Each element is a node with attributes, optional text, and children.
A recipe declares, per tag: the key (natural identity), whether the tag is inline (its children become pseudo-attributes instead of opening a new level), and which attributes to ignore.
The engine compares N sources simultaneously, matching nodes by identity (order-independent). Only differences end up in the result.

flowchart LR
  A[parse each file] --> B[index units by tag+key]
  B --> C{unit in ≥2 sources?}
  C -- no --> X[skip]
  C -- yes --> D[recursive diff per node]
  D --> F[render report]

Units and recursion¶

The recipe's unit (e.g. SMART_FOLDER) is the top comparison entity. For each unit present in 2 or more sources, the engine walks the tree recursively:

Scalar differences — attributes (and element text) that differ become rows.
Leaf / inline children (e.g. INCOND, OUTCOND, ON) are compared by their key; a row appears when one is added/removed or when one of its attributes changes (e.g. an OUTCOND keeps its NAME but flips SIGN).
Container children (e.g. JOB) open a new level and are rendered as sub-sections; identical ones are collapsed into a count.
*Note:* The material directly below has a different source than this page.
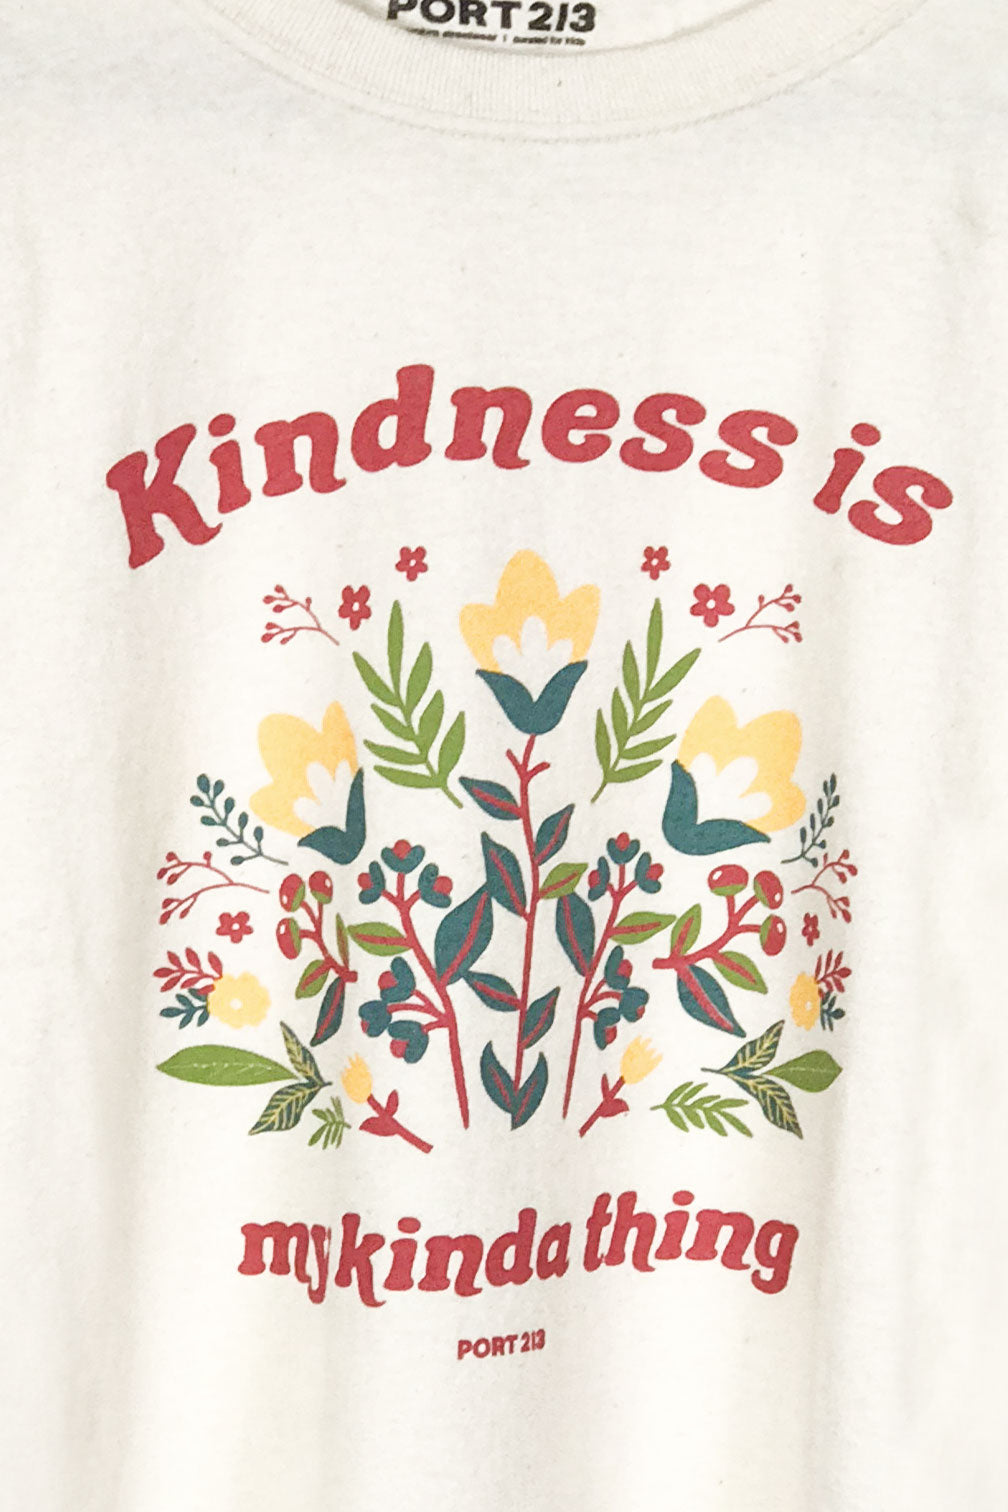 Ivory Kindness T-shirt

Attribute-level, not just present/absent¶

Because elements are matched by identity, a change inside an element is shown as an attribute change, not as a delete + add:

Element · attribute	bench	uat	prod
INCOND `…STAGE-…LOAD_OK` · `AND_OR`	A	O	A
OUTCOND `…LOAD-…POST_OK` · `SIGN`	-	+	+

Volatile attributes are ignored¶

Attributes that change on every export without functional meaning — VERSION, CREATION_TIME, JOBISN, LAST_UPLOAD, … — are listed in the recipe's ignore_attrs and never produce a row. This is what makes the diff semantic instead of noisy.

What gets reported¶

The engine reports differences — every unit present in 2+ sources that isn't identical. It deliberately stays out of your domain: it does not classify those differences (e.g. "conflict" vs "informational"). If that distinction matters to your workflow, derive it yourself from the result — you know which file is which (the report labels each by its path).

Namespaces & text¶

XML namespaces are stripped on parse ({uri}tag → tag) so tags and keys stay readable and recipes stay simple. Element text is comparable too — e.g. a sitemap <url> is identified by its <loc> text and its <lastmod> text is compared as a value.